Passenger Ship in Pankow
How an architectural firm unlocked potential and created much-needed staff housing for Charité
Berlin's geography once seemed simple: West and East. After reunification, Prenzlauer Berg became the city's most coveted neighborhood. Then, in 2001, the territorial reform stripped the still-fashionable district of its independence, absorbing it into Pankow. Part of Storkower Strasse now shares this fate. While exploring their new district, architects deluse hernandez architects spotted a relic of East German prefab housing—a Plattenbauten with a single stairwell. The building's narrow footprint had necessitated an extraordinarily wide fire-access road. When two additional staircases were added after the Wall fell for safety reasons, something unexpected happened: the bypass suddenly became redundant, freeing up a substantial buildable area at the rear of the site. This simple observation would spark an ambitious development.
What began as an architects' vision to unlock building potential became reality. When the state-owned developer Berlinovo decided to develop the newly opened site, they entrusted the project's originators with designing the building. Today, a seven-storey residential building stands here, housing 76 one- and two-bedroom apartments. The challenge was ambitious: maximize apartments within a 465 m² footprint while providing urgently needed housing for Charité nursing staff. Handed over to residents in autumn 2023, the building's form is distinctly unconventional. Oriented perpendicular to Storkower Strasse at 22 metres high, its massing steps down in three tiers toward the Ringbahn railway—a composition that evokes a ship with staggered decks. Generous communal roof terraces were integrated into the design from the start. Built in solid construction with a white rendered façade, the architects achieved a total of 1,944 m² of living space. With over 70 apartments on this footprint, the efficiency is remarkable. Per building classification standards, it qualifies as a special building in class 5, a category reserved for staff accommodation.
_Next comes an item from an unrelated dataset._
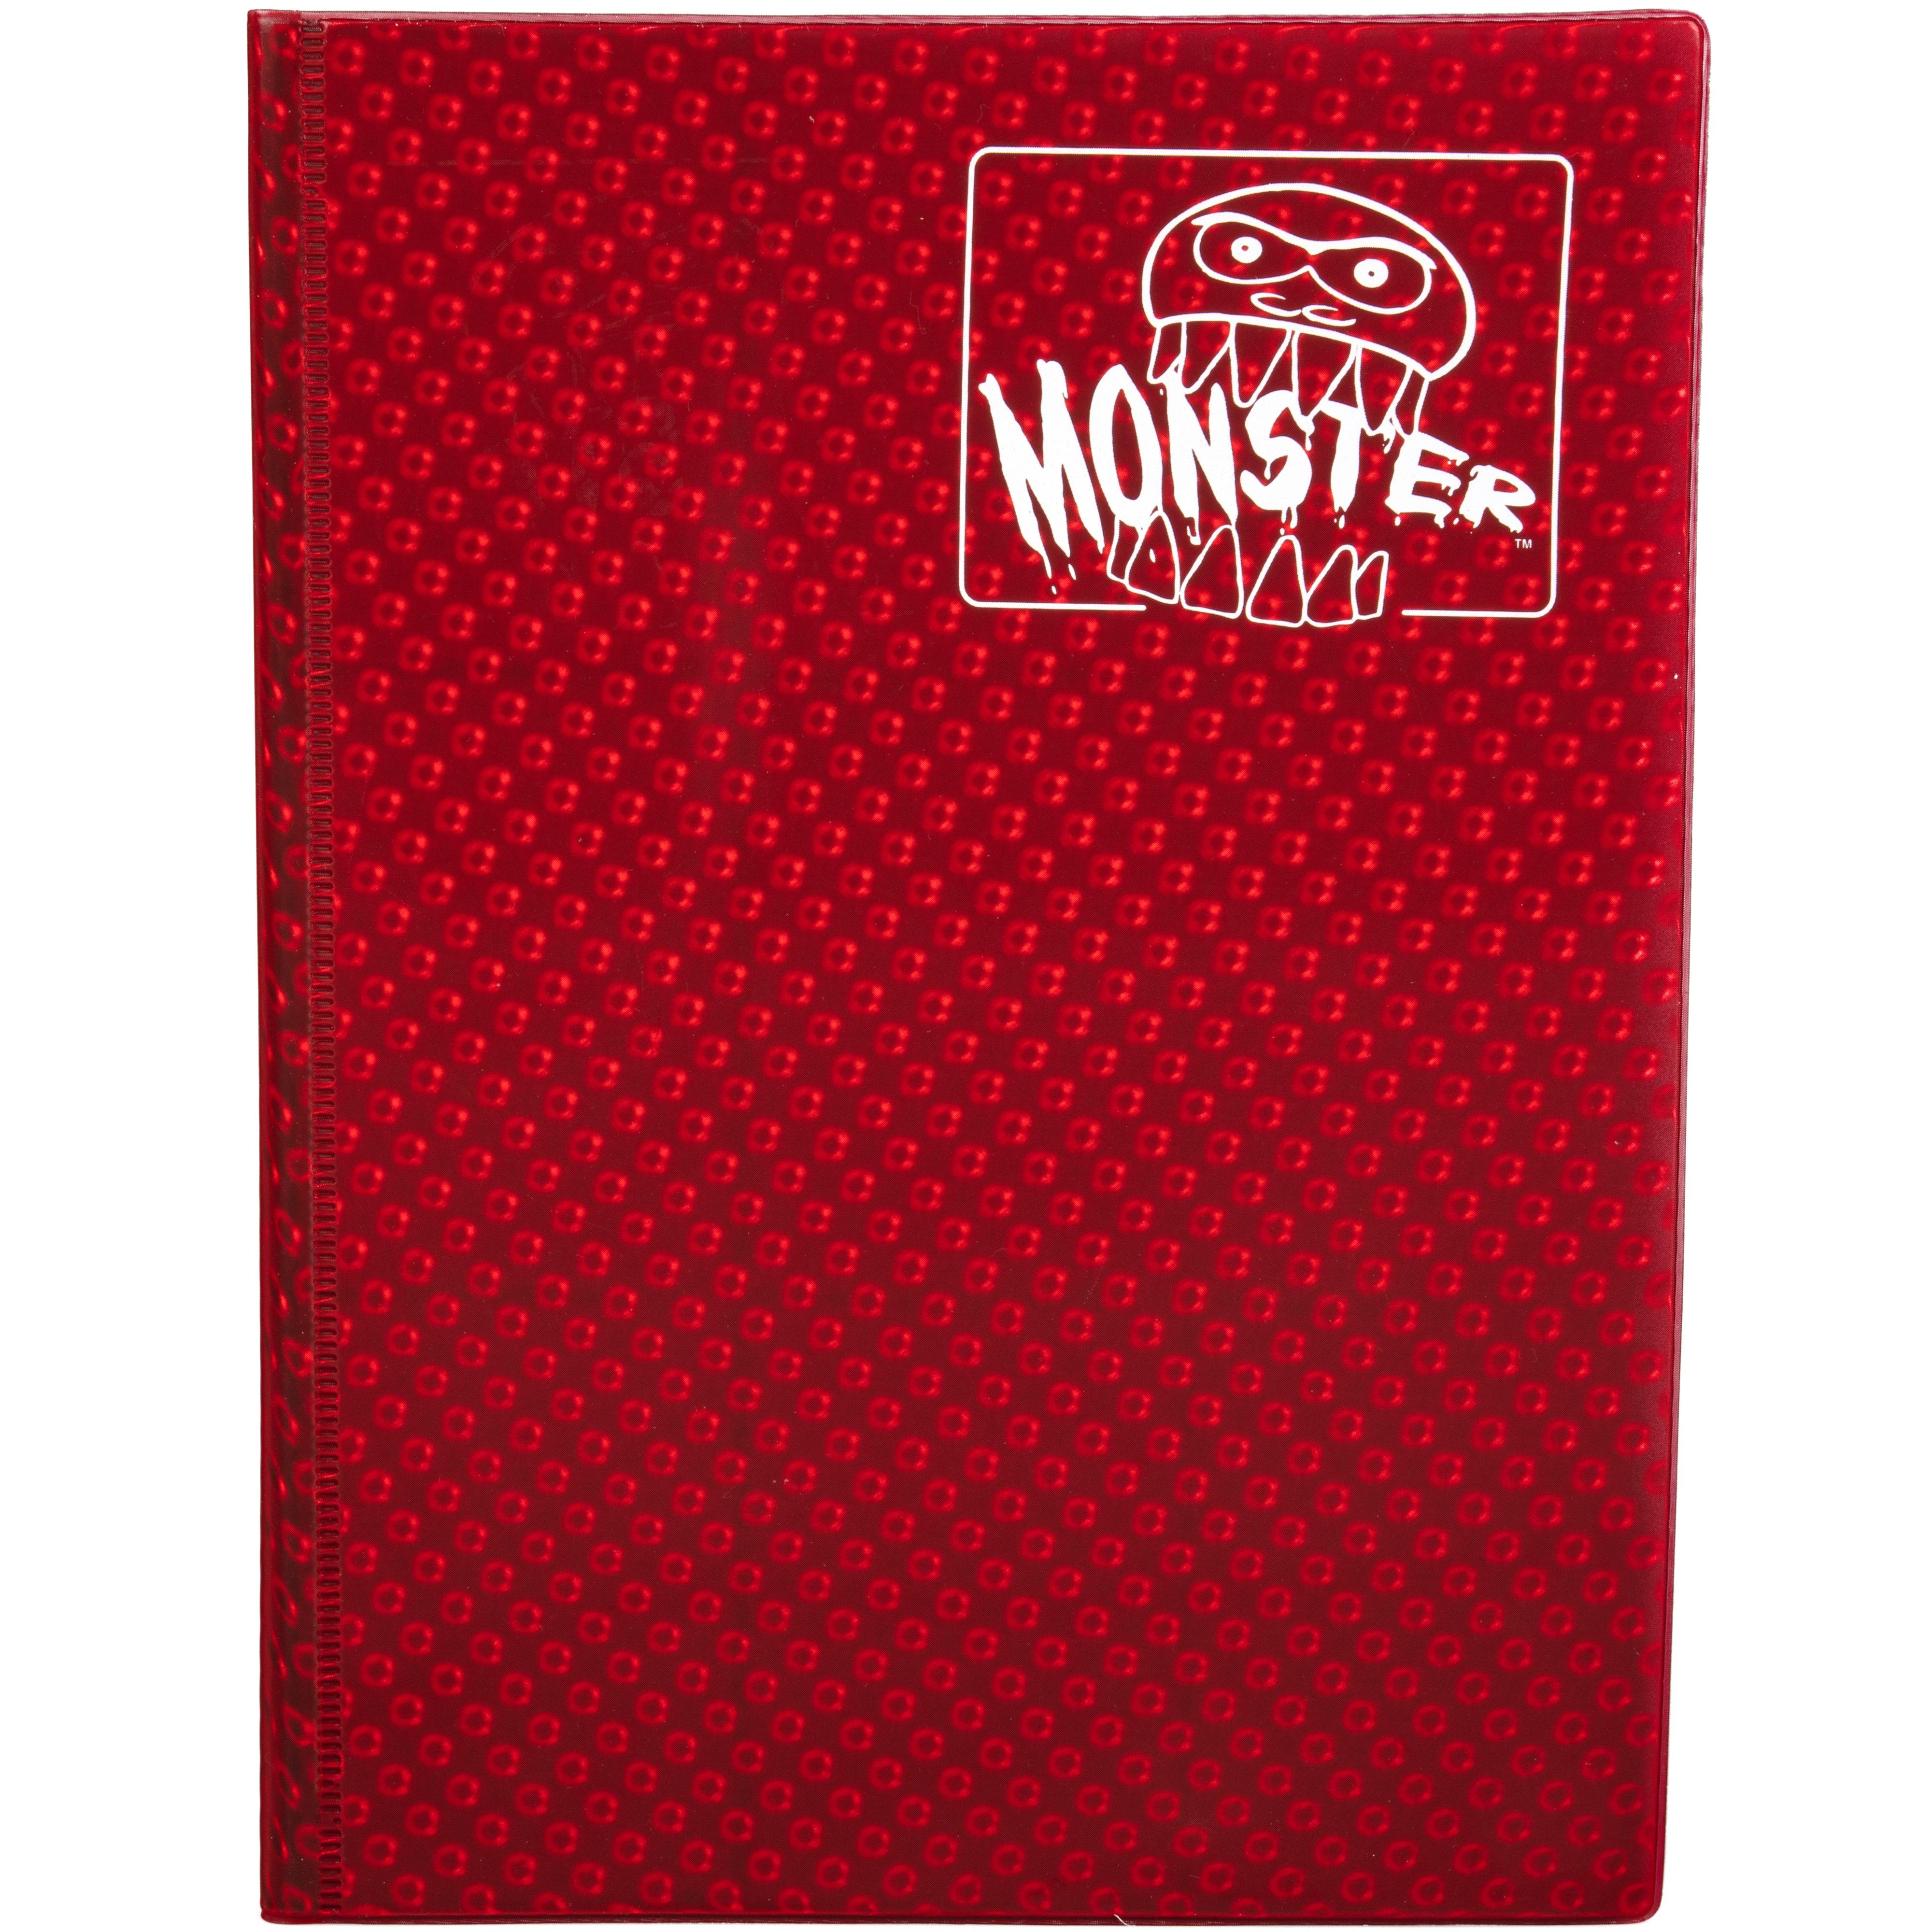 Monster Trading Card Album: 4 Pocket Binder Holofoil Red Game Box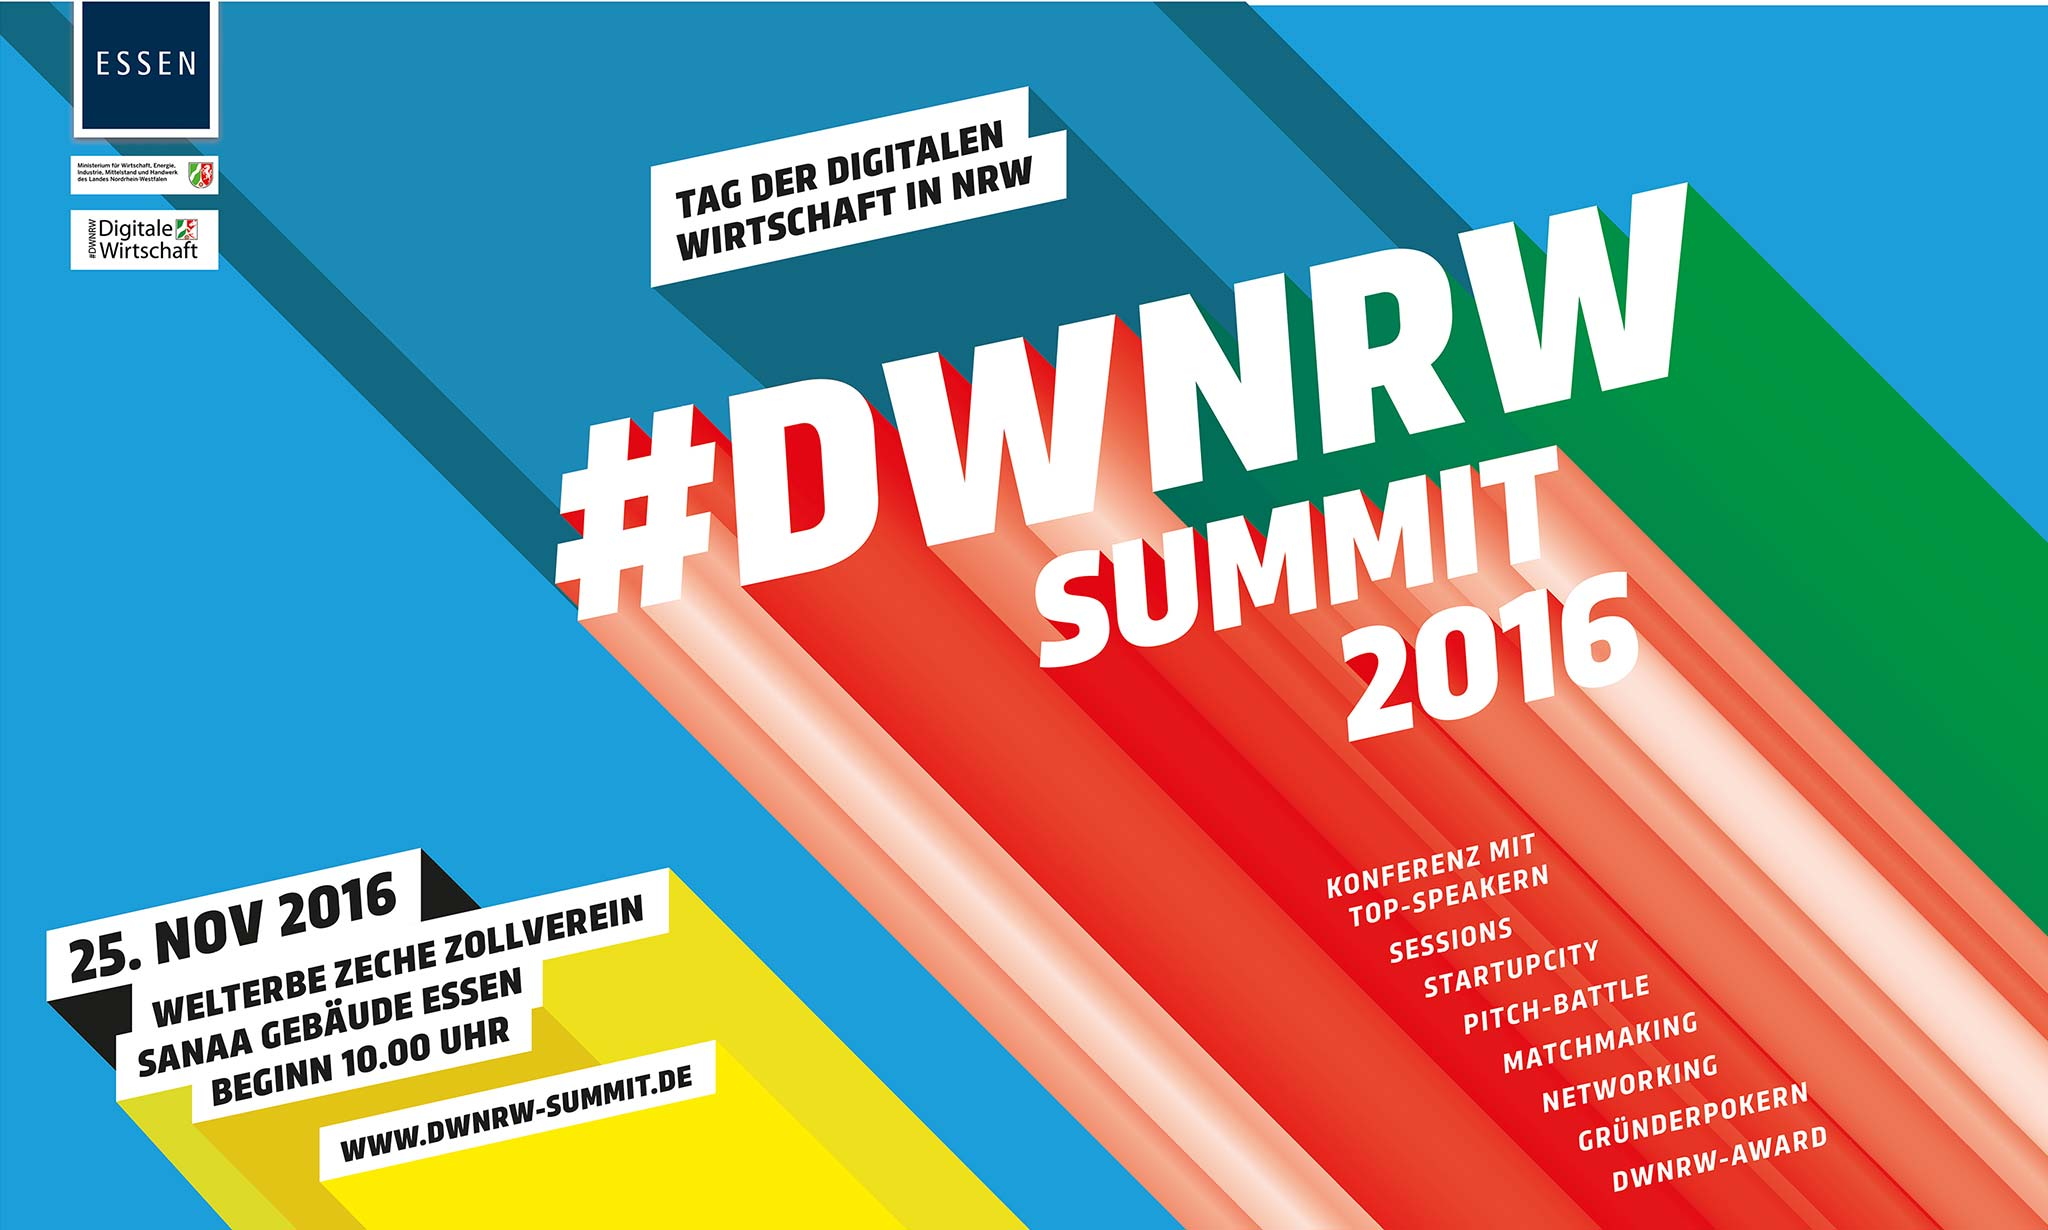 DWNRW Summit 2016

The interior fit-out prioritizes economy—essential for keeping rents affordable. Vertical photovoltaic panels and rooftop solar thermal systems help the building achieve Energy Efficiency Level 40. Wedged between two existing structures, with one neighbor directly fronting the street, the building required careful massing to provide secondary access. The surrounding urban fabric—a residential tower, shops, offices, and a gas station—forms a deliberately mixed context. Yet the new structure unites these disparate elements into coherent whole, its presence anchoring the neighborhood's orientation toward the S-Bahn tracks, the district's vital artery. Directly to the south lie iconic sports venues: Dominique Perrault's striking velodrome and the Europa Sport Park's aquatic center.